Another species of saw-fly, with a yellow body and deep violet-coloured wings, which also selects the rose-tree, deposits her eggs in a different manner. Instead of making a groove for each egg, like the preceding, she forms a large single groove, sufficient for about two dozen eggs. These eggs are all arranged in pairs, forming two straight lines parallel to the sides of the branch. The eggs, however, though thus deposited in a common groove, are carefully kept each in its place; for a ridge of the wood is left to prevent those on the right from touching those on the left—and not only so, but between each egg of a row a thin partition of wood is left, forming a shallow cell.
Nest of eggs of Saw-fly, in rose-tree.
The edges of this groove, it will be obvious, must be farther apart than those which only contain a single egg, and, in fact, the whole is open to inspection; but the eggs are kept from falling out, both by the frothy glue before mentioned, and by the walls of the cells containing them. They were observed also, by Vallisnieri, to increase in size like the preceding.
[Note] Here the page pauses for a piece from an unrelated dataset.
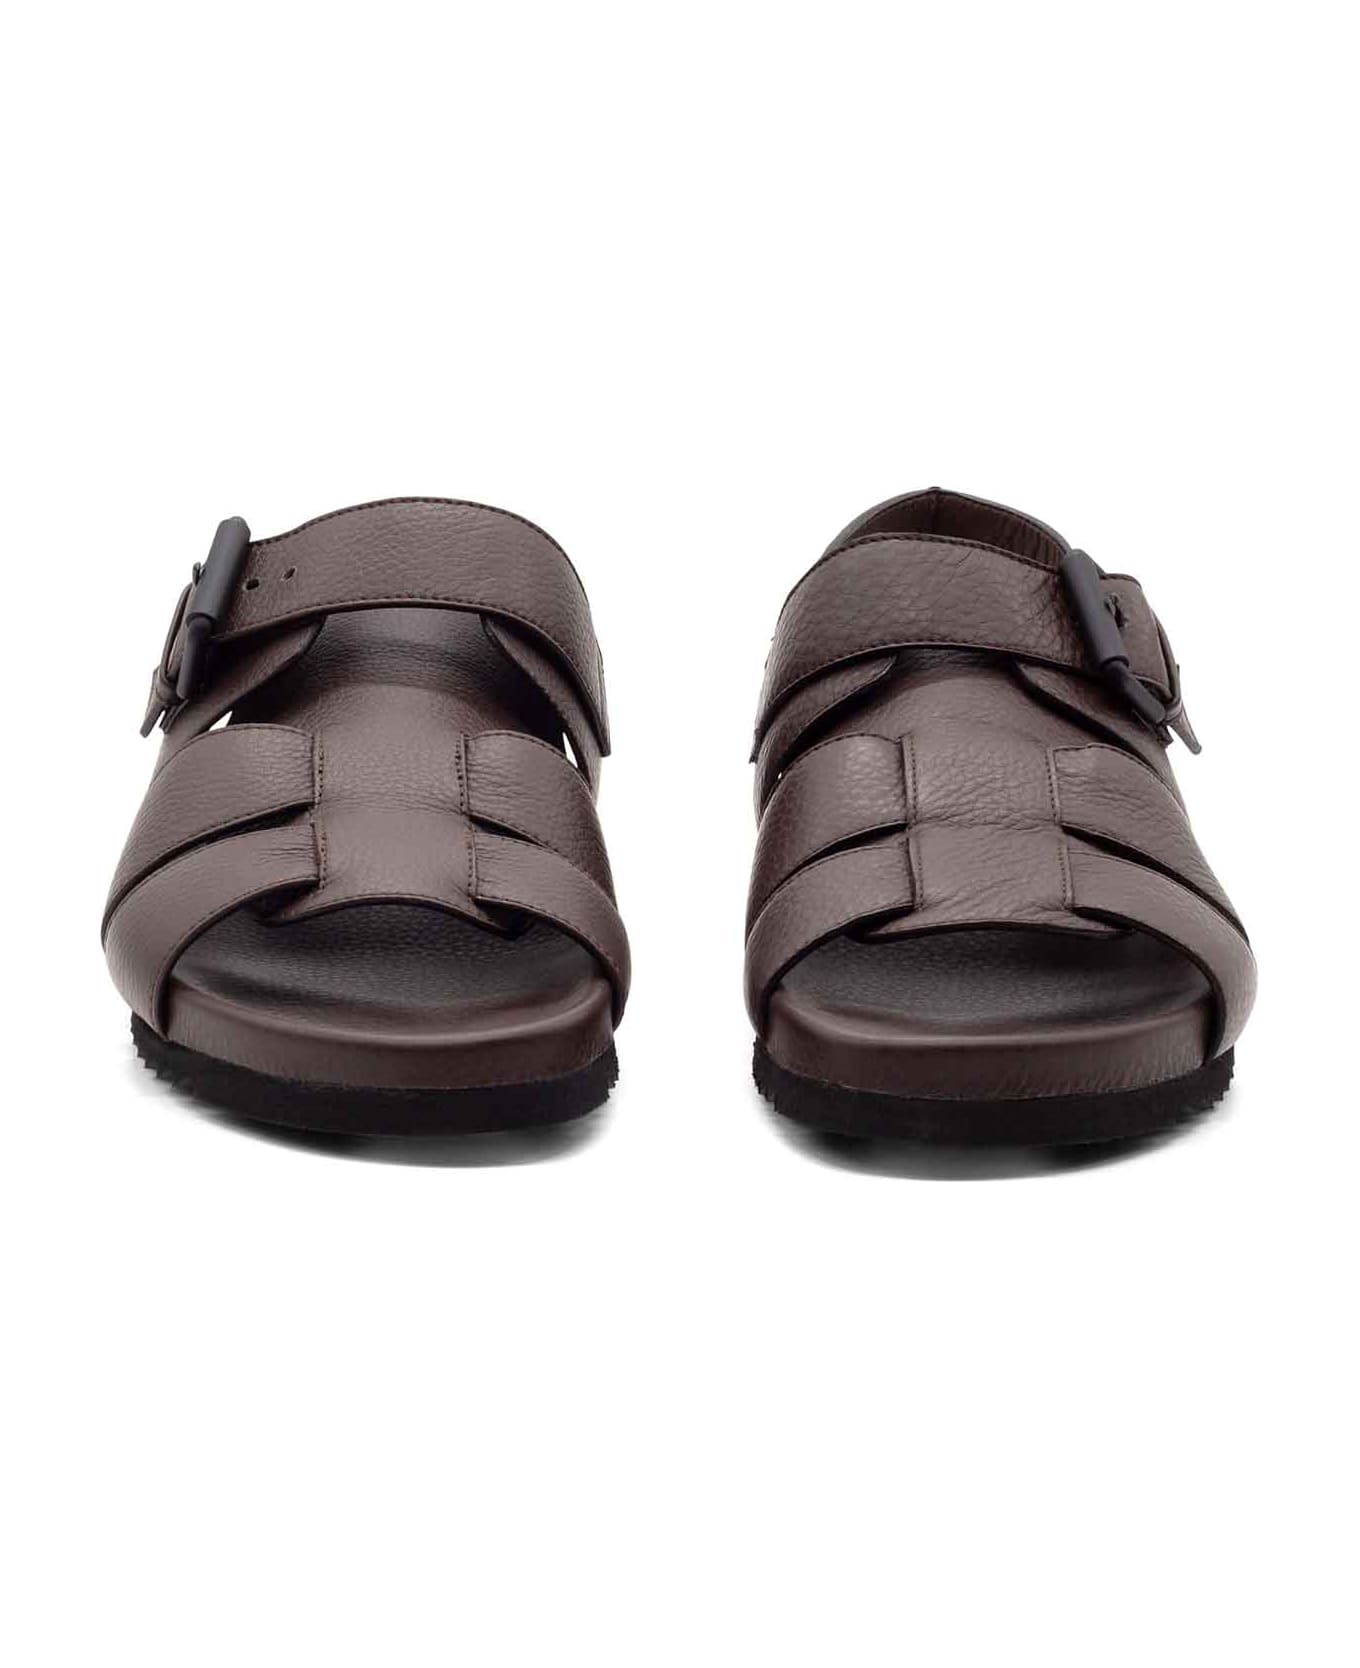 Vic Matié Men's Brown Leather Sandal - DARK BROWN

a a a, Saw-fly of the gooseberry (Nematus Ribesii, Stephens). b, its eggs on the nervures of a leaf. d d, the caterpillars eating. c, one rolled up. f, one extended.
[In the middle of summer, plenty of these grooves may be seen, by looking at the under lid of leaf-stalks or delicate young twigs. Row upon row of the grooves are sometimes found, so the all-destructive power of the insects must indeed be great. The larvæ, when full fed, dispose of themselves in various ways. Those of the gooseberry-fly, for example (Nematus Ribesii), after they have stripped the bush of its leaves, either seek the ground or remain on the branches, and spin a series of cocoons, attaching them to each branch by their ends. Those, therefore, who wish to destroy these little pests, must know both localities of the cocoons, or they will allow one half to escape while destroying the other.]
This insect has a flat yellow body and four pellucid wings, the two outer ones marked with brown on the edge. In April it issues from the pupa, which has lain under ground from the preceding September. The female of the gooseberry saw-fly does not, like some of the family, cut a groove in the branch to deposit her eggs;—“of what use, then,” asks Réaumur, “is her ovipositor-saw?” In order to satisfy himself on this point, he introduced a pair of the flies under a bell-glass along with a branch bent from a red-currant bush, that he might watch the process. The female immediately perambulated the leaves in search of a place suited to her purpose, and passing under a leaf began to lay, depositing six eggs within a quarter of an hour. Each time she placed herself as if she wished to cut into the leaf with her saw; but, upon taking out the leaf, the eggs appeared rather projecting than lodged in its substance. The caterpillars are hatched in two or three weeks; and they feed in company till after midsummer, frequently stripping both the leaves and fruit of an extensive plantation. The caterpillar has six legs and sixteen pro-legs, and is of a green colour mixed with yellow, and covered with minute black dots raised like shagreen. In its last skin it loses the black dots and becomes smooth and yellowish white. The Caledonian Horticultural Society have published a number of plans for destroying these caterpillars.
[Another remarkable mode of disposing of the pupa is shown in the accompanying illustration; it represents the nest of an exotic saw-fly, named Deilocenes Ellisii. In this instance, the numerous larvæ unite in spinning for themselves a common envelope of considerable strength; it is seen as it appears when attached to the branch of a tree. The material of which it is composed is the tough silken fibre spun by the larvæ of so many insects, which may be seen in perfection in the cocoons of the Microgaster. Two species of this curious group will be described in a future page.